3D Volume Calculus Calculator

Calculator Form

Calculation Method

Outer Function, Top Function, or A(x)

Inner or Bottom Function

Lower Bound

Upper Bound

Axis Value

Cross-Section Shape

Simpson Subintervals

Unit Name

Use x as the variable. Write 2*x, not 2x. Supported functions include sin, cos, tan, sqrt, abs, log, ln, log10, exp, min, max, and pow.

Formula Used

Disk method: V = pi * integral from a to b of [f(x) - c]^2 dx.

Washer method: V = pi * integral from a to b of [R(x)^2 - r(x)^2] dx.

Shell method: V = 2 * pi * integral from a to b of |x - c| * |f(x) - g(x)| dx.

Cross-section method: V = integral from a to b of A(x) dx.

Numerical rule: Simpson integration estimates the definite integral with even subintervals.

How to Use This Calculator

Select the volume method that matches the calculus problem.
Enter the top, outer, or area function in the first function box.
Enter the lower or inner function when the method needs it.
Set the lower and upper x bounds.
Enter the rotation axis value for disk, washer, or shell methods.
Select the cross-section shape when using known slices.
Choose subintervals for Simpson integration.
Press calculate, then review the result above the form.
Use the CSV or PDF button to save the report.

Example Data Table

Method	Function Setup	Bounds	Extra Input	Expected Volume
Washer	f(x)=sqrt(4-x^2), g(x)=0	-2 to 2	Axis c=0	About 33.5103
Shell	f(x)=4-x^2, g(x)=0	0 to 2	Axis c=0	About 25.1327
Cross-section	f(x)=x, g(x)=0	0 to 3	Square slices	About 9
Direct area	A(x)=pi*x^2	0 to 2	Inner ignored	About 8.3776

3D Volume Calculus Guide

Why Calculus Helps

A 3D volume problem often starts with a flat region. Calculus turns that region into thin slices. Each slice has a tiny volume. Adding all slices gives the full solid. This calculator uses numerical integration, so it can handle many functions. It is useful when an exact antiderivative is hard. It is also helpful for checking homework, design estimates, and study notes.

Core Methods

The disk method works when a region rotates around a line and has no hole. The washer method extends it for hollow solids. It subtracts the inner radius from the outer radius. The shell method uses cylindrical shells. It is strong when vertical strips rotate around a vertical line. Cross-section volume uses a known slice shape, such as a square, semicircle, or triangle.

Choosing Inputs

Enter functions with x as the variable. Use multiplication signs, such as 2*x. Use common functions like sin(x), cos(x), sqrt(x), log(x), and exp(x). Set the lower and upper bounds for the interval. Choose the axis value for rotations. Select a cross-section shape when that method is used. More subintervals may improve accuracy, but they can also take more processing.

Interpreting Results

The result gives the approximate volume in cubic units. It also gives the average slice area over the interval. A second integration with more slices estimates numerical stability. A very small difference suggests a reliable approximation. A large difference means the function may need more slices, cleaner bounds, or a different method.

Practical Notes

Calculus volume models assume the entered functions describe the real shape. They do not verify physical limits, units, or material behavior. Always review the graph or source problem first. Keep units consistent from start to finish. If x is measured in centimeters, the final volume is cubic centimeters. For engineering work, confirm results with approved standards, drawings, or software. Use the downloads to document inputs, formulas, and sample integrand values.

Common Mistakes

Do not reverse bounds unless the sign is intended. Check which radius is outer. For shells, radius means distance from the rotation line. For washers, use squared radii. When answers look negative, inspect the function order and axis first before exporting.

FAQs

What does this calculator find?

It estimates 3D solid volume from calculus methods. It supports disks, washers, shells, known cross-sections, and direct area integrals.

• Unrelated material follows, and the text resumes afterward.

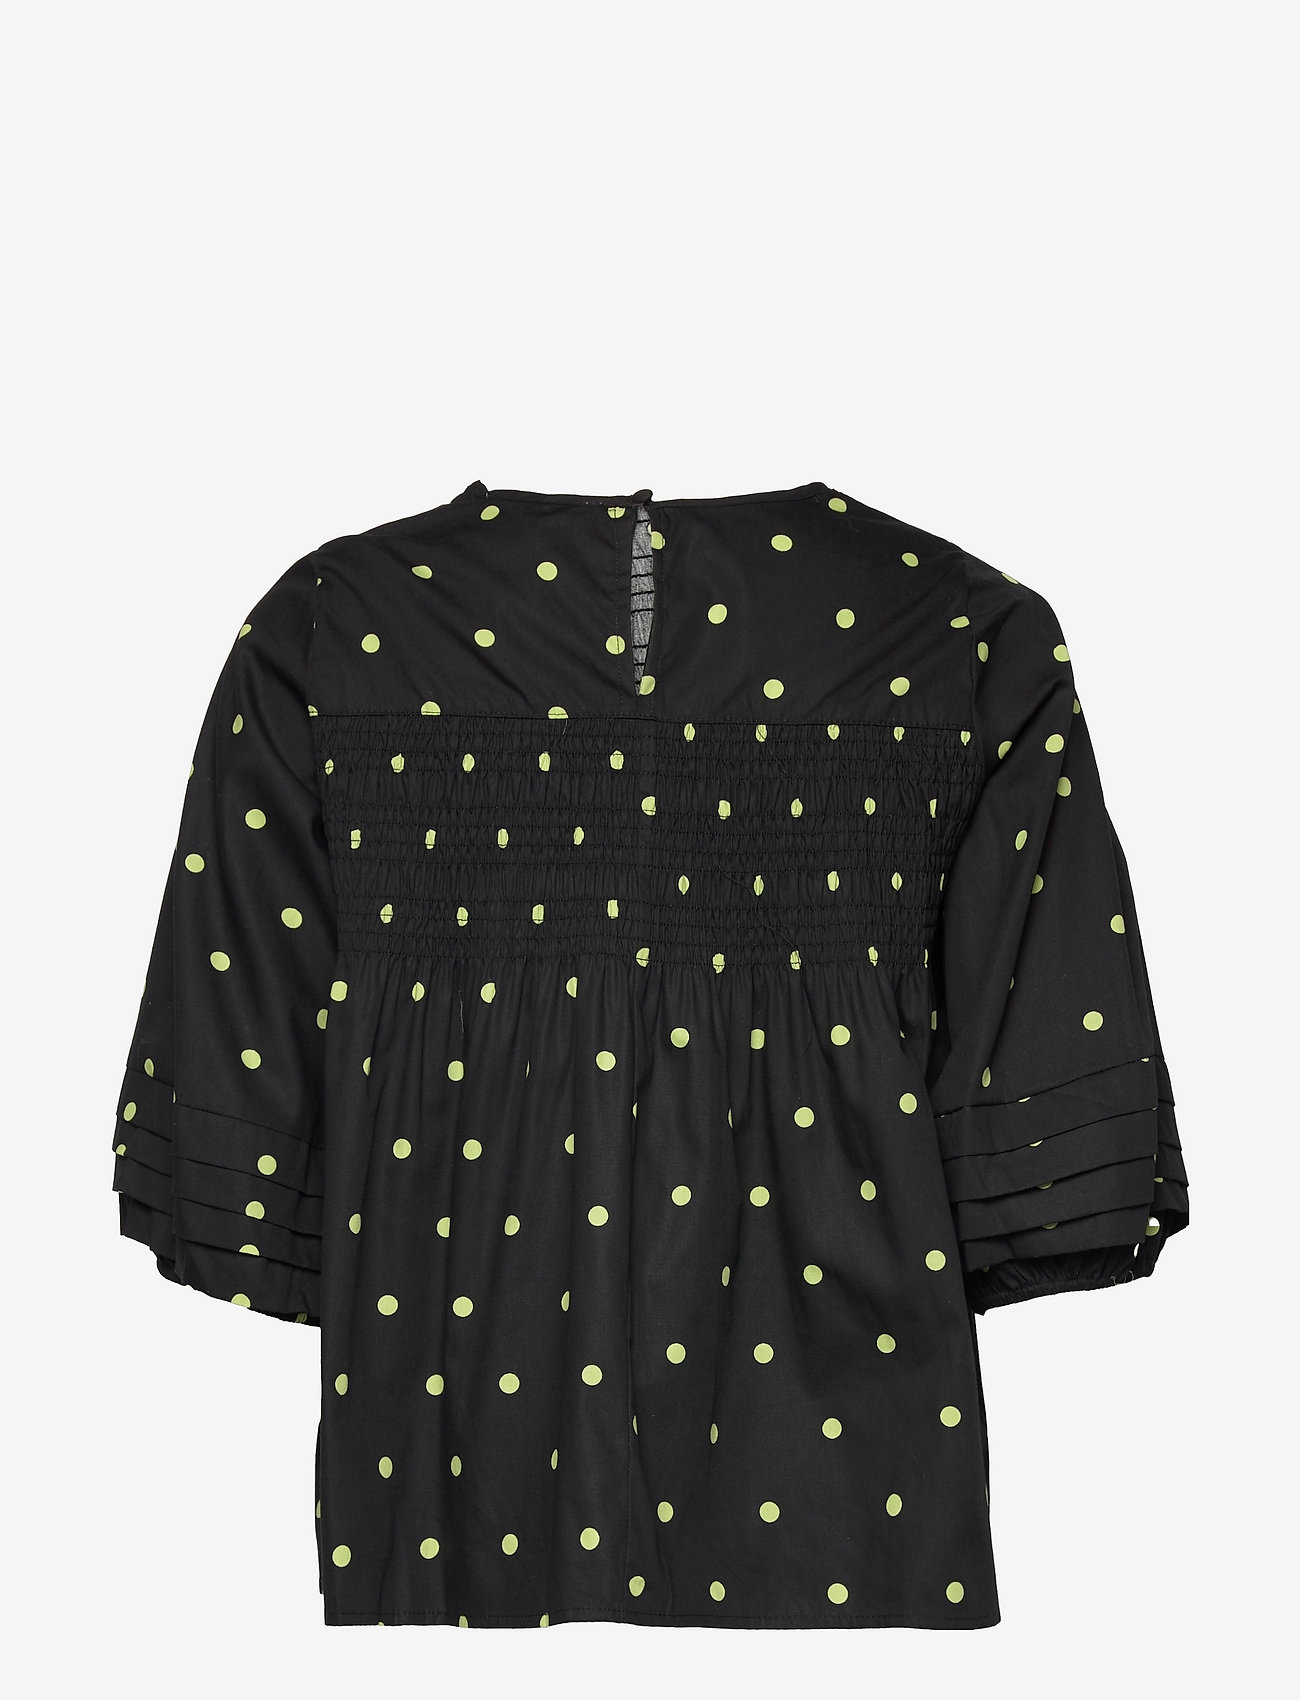 A-View - Sisse blouse - kortärmade blusar - black with green dots - 1

Which variable should I use?

Use x in all expressions. For example, write x^2, sqrt(x), sin(x), or 2*x+1.

Can I enter trigonometric functions?

Yes. You can use sin(x), cos(x), tan(x), asin(x), acos(x), and atan(x). Angles are interpreted in radians.

Why are Simpson subintervals required?

Simpson integration needs an even number of subintervals. The calculator adjusts odd values upward and limits very large entries.

What is the axis value?

It is the rotation line value. For horizontal rotation, it is y=c. For shell rotation, it is x=c.

When should I use the washer method?

Use it when rotating a region with an outer and inner boundary. It is useful for hollow solids or gaps around the axis.

When should I use cross-sections?

Use cross-sections when the solid has repeated slice shapes. Examples include square, semicircular, triangular, or circular slices.

Can I save the result?

Yes. Use the CSV button for spreadsheet data. Use the PDF button for a simple report with inputs, formula, and sample values.